XVI. Zurückbehaltung

Der Kunde ist bei gerechtfertigter Reklamation außer in den Fällen der Rückabwicklung nicht zur Zurückhaltung des gesamten, sondern nur eines angemessenen Teiles des Bruttorechnungsbetrages berechtigt.

XVII. Rechtswahl,Gerichtsstand

 Es gilt österreichisches Recht. Die Anwendbarkeit des UN-Kaufrechtes wird ausdrücklich ausgeschlossen. Die Vertragssprache ist Deutsch. Die Vertragsparteien vereinbaren österreichische, inländische Gerichtsbarkeit. Zur Entscheidung aller aus diesem Vertrag entstehenden Streitigkeiten das am Sitz unseres Unternehmens sachlich zuständige Gericht ausschließlich örtlich zuständig.
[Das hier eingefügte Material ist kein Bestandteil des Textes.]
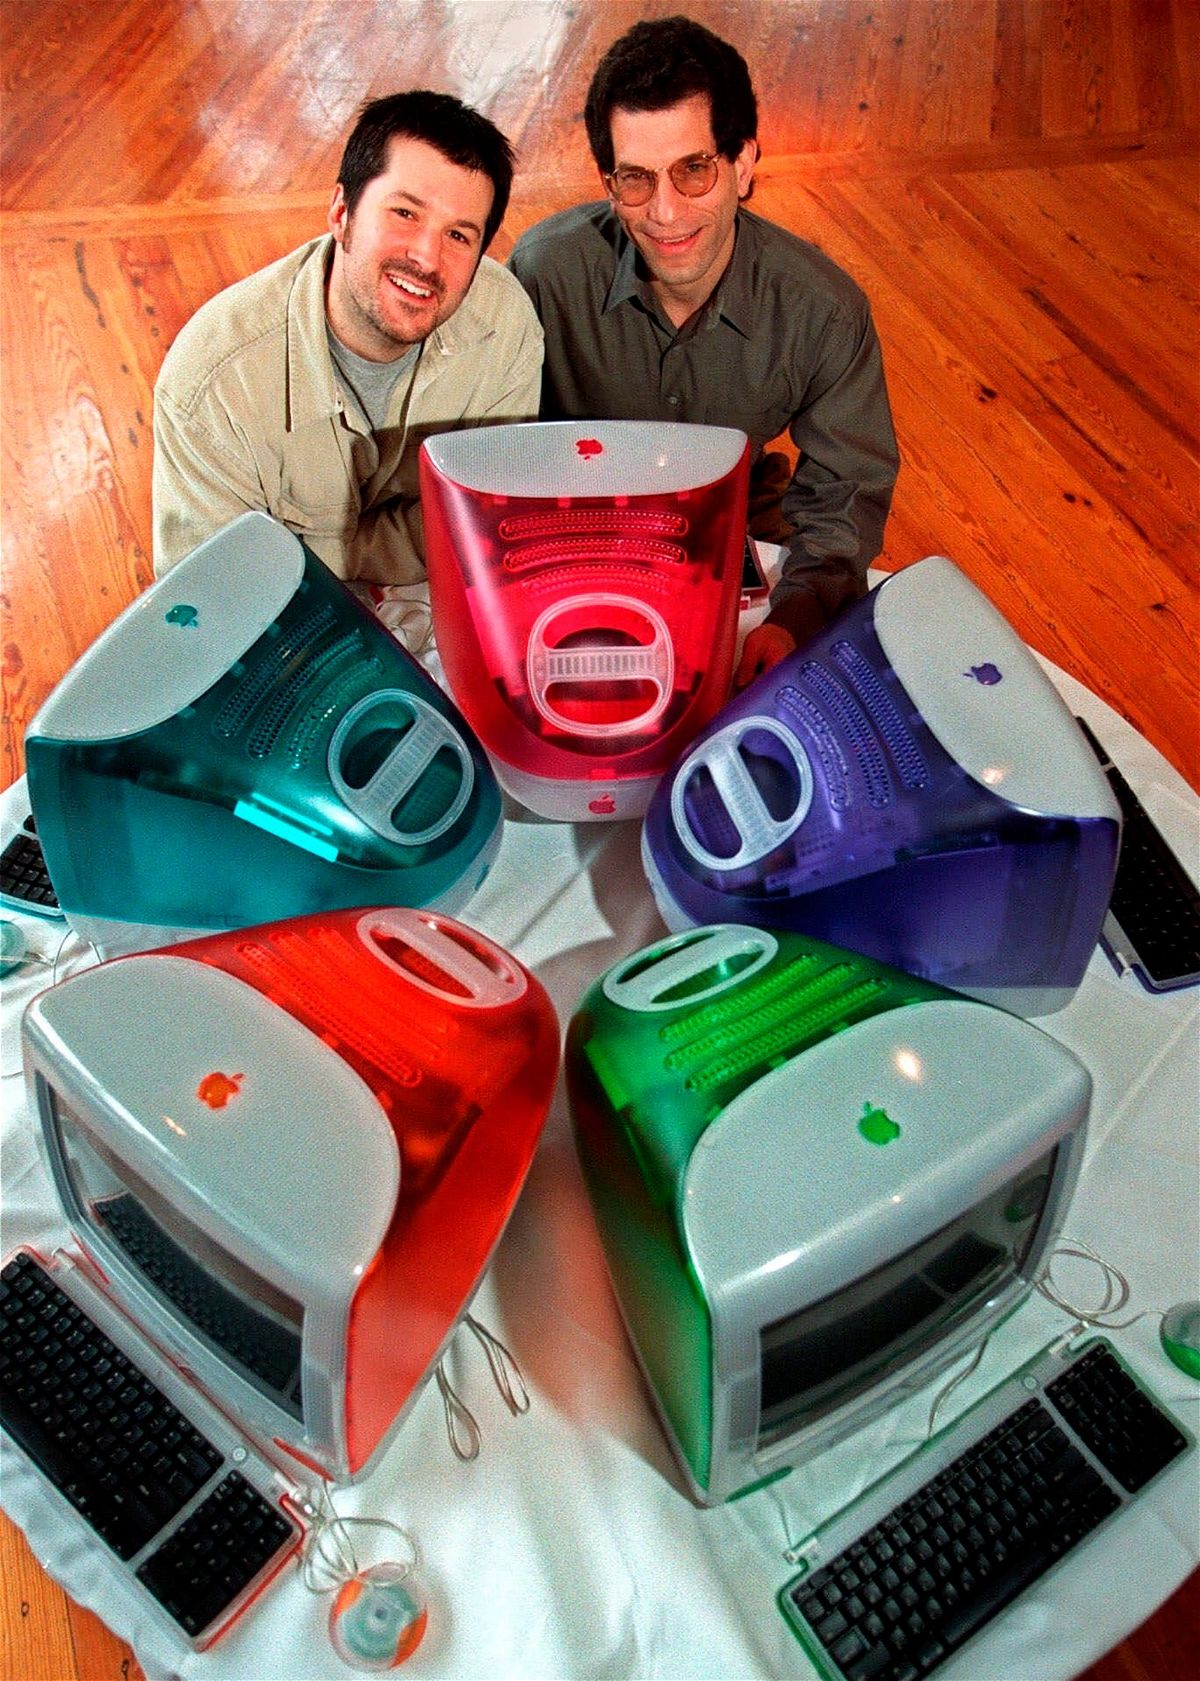 <i>Win McNamee/Reuters</i><br/>Ive's futuristic design for the iMac G3 was also meant to be accessible and tactile

XVIII. Datenschutz und Adressenänderung

Der Kunde erteilt seine Zustimmung, dass auch die im Kaufvertrag mitenthaltenen personenbezogenen Daten in Erfüllung dieses Vertrages von uns automationsunterstützt gespeichert und verarbeitet werden. Der Kunde ist verpflichtet, uns Änderungen seiner Wohn- bzw. Geschäftsadresse bekanntzugeben, solange das vertragsgegenständliche Rechtsgeschäft nicht beiderseitig vollständig erfüllt ist. Wird die Mitteilung unterlassen, so gelten Erklärungen auch dann als zugegangen, falls sie an die zuletzt bekanntgegebene Adresse gesendet werden.